14 апреля 1915 года умер выдающийся русский композитор Александр Николаевич Скрябин. «Для людей “аполлоновского” круга, – отмечает Р.Д. Тименчик, – музыка Скрябина была больше чем музыкой – заклинанием и предсказанием судьбы поколения. В день, когда Мандельштам узнал о смерти Скрябина, он, кажется, буквально кинулся к далеко не коротко знакомому Блоку, чтобы с ним поговорить о Скрябине, – именно так можно понять скупую и неприязненную запись в блоковской записной книжке»[231].
Сын преподавательницы музыки, Мандельштам в течение всей своей жизни не оставлял занятий музыкософией (по меткому слову Б.А. Каца), то есть попыток «уразумения музыки»[232]. «Мандельштам с сокрушением говорил о теперешнем разрыве литературы с музыкой, об оскудении музыкальной стихии», – 15 февраля 1928 года записал в своем дневнике Иннокентий Оксенов[233].
Можно, конечно, привести мнение придирчивого спутника последних лет жизни Мандельштама, Бориса Кузина, который считал, что «музыка не была» «родной стихией» поэта[234]. Однако хорошо знавший Мандельштама композитор-футурист Артур Лурье полагал совсем иначе.
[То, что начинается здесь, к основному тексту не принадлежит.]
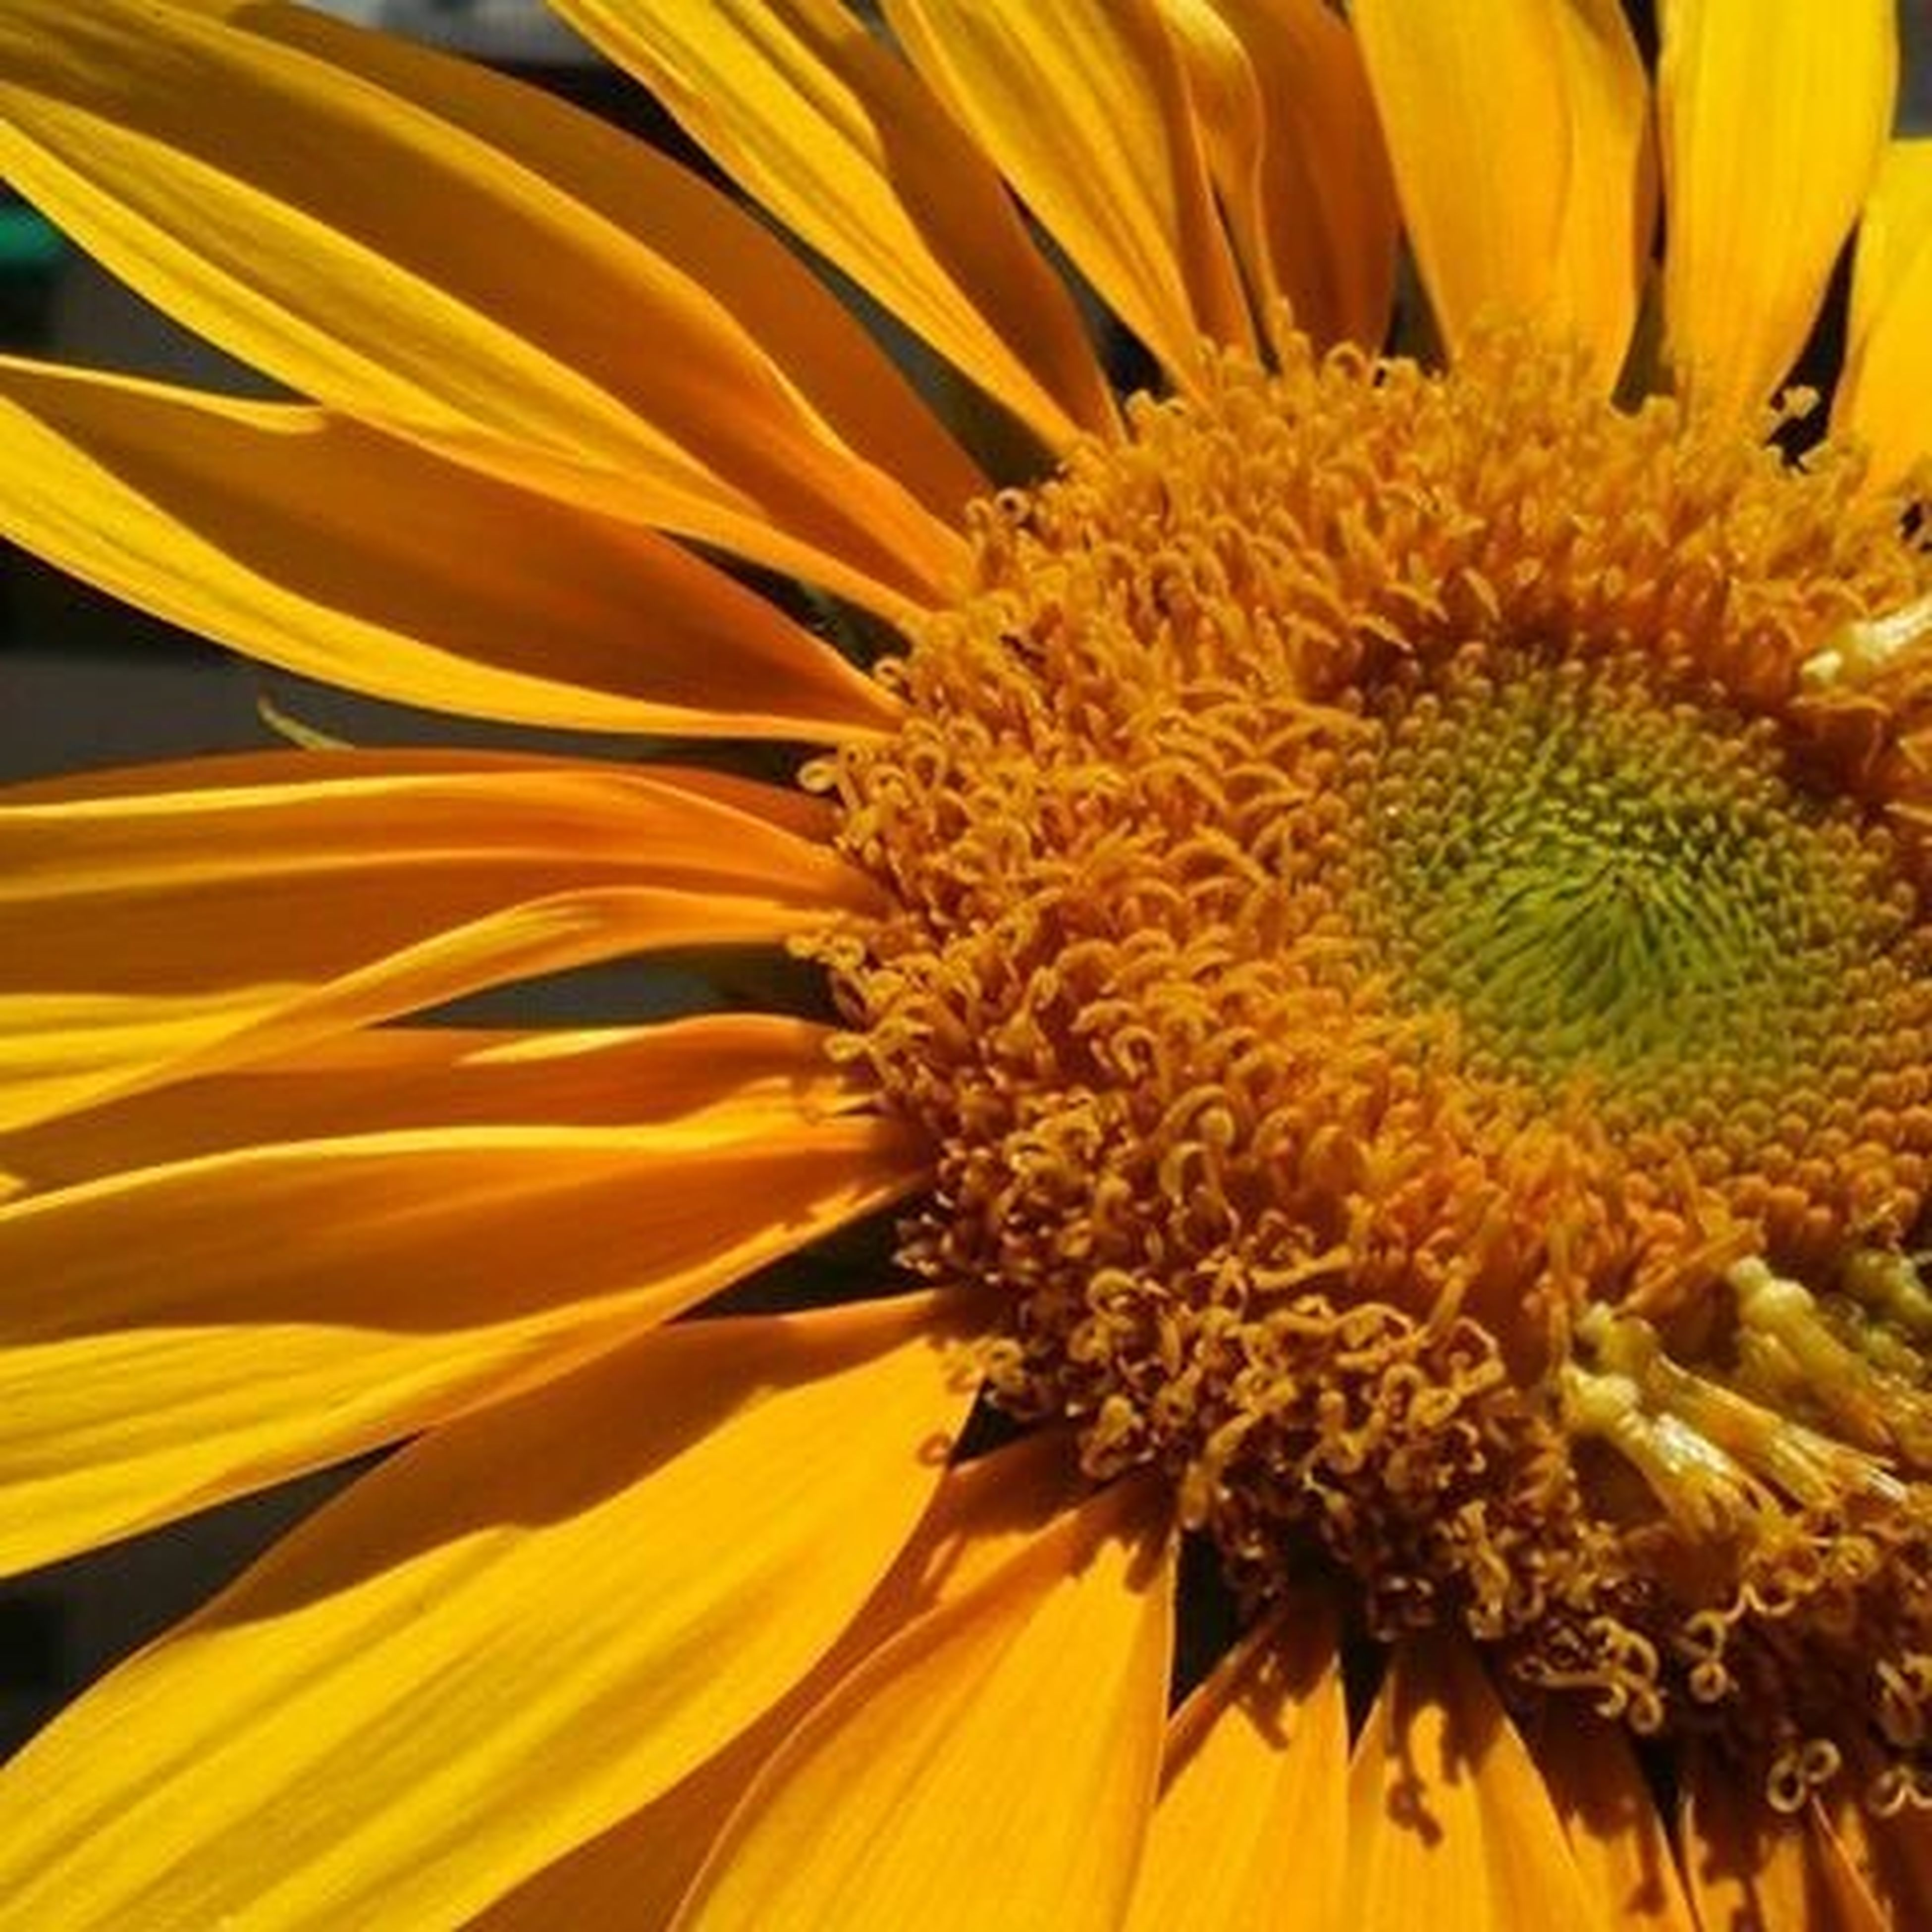 Myautobiography Like4like Flowerslike Naturelive Naturelike
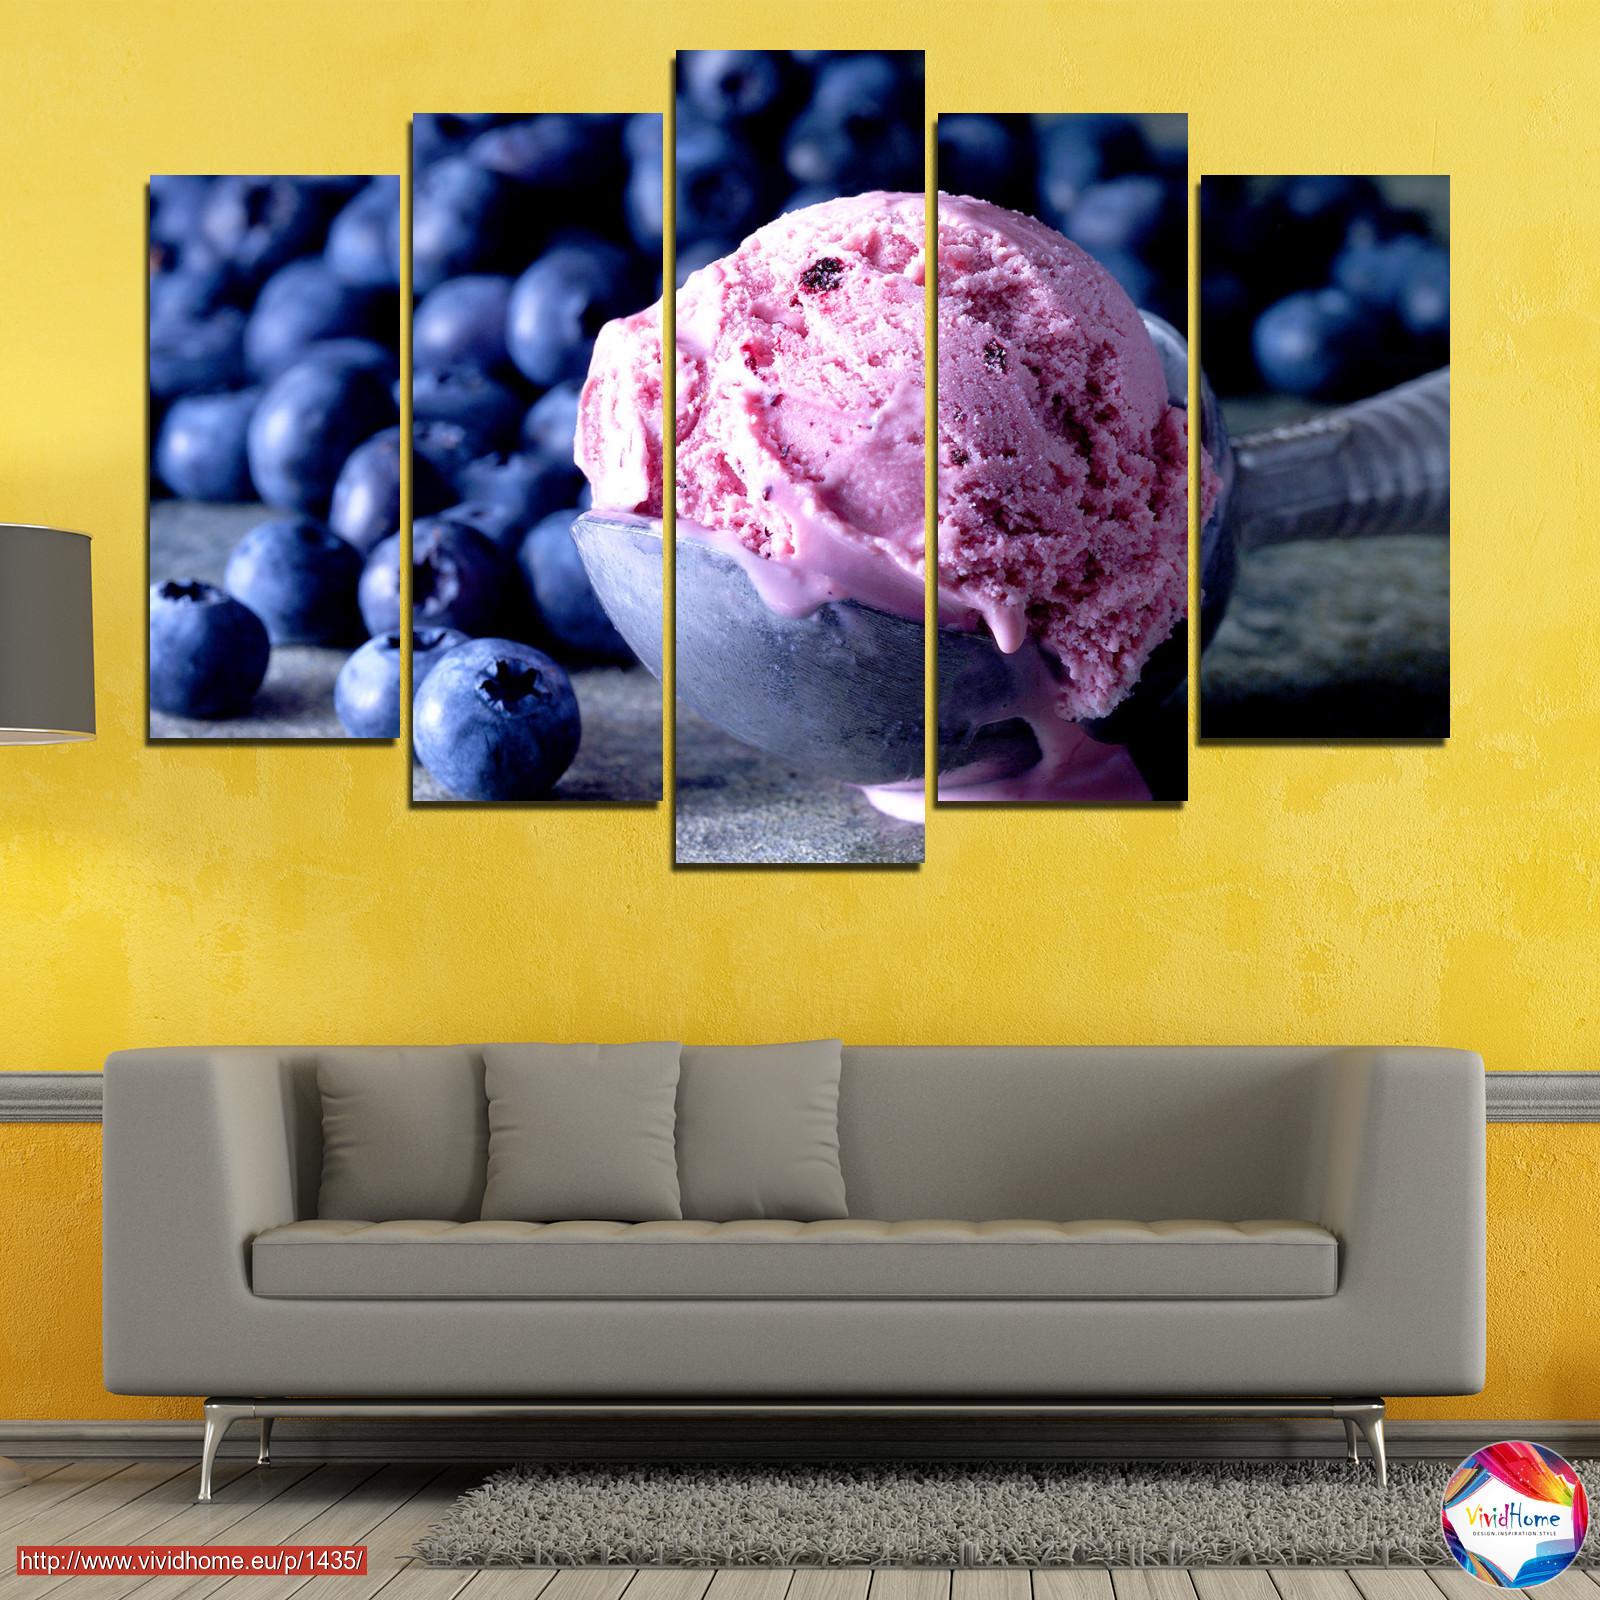 Colorful, Fresh, Natural, Food, Dessert, Fruit, Tasty, Sweet №0735

В своих мемуарах он писал: «Мне часто казалось, что для поэтов, даже самых подлинных, контакт со звучащей, а не воображаемой музыкой не является необходимостью и их упоминания о музыке носят скорее отвлеченный, метафизический характер. Но Мандельштам представлял исключение: живая музыка была для него необходимостью. Стихия музыки питала его поэтическое сознание»[235]. «В музыке О<сип> был как дома, и это крайне редкое свойство», – подтверждала Анна Ахматова[236]. «Мне ставили руку по системе <польского пианиста и педагога> Лешетицкого», – не без щегольства сообщал сам поэт в повести «Египетская марка» (II: 481).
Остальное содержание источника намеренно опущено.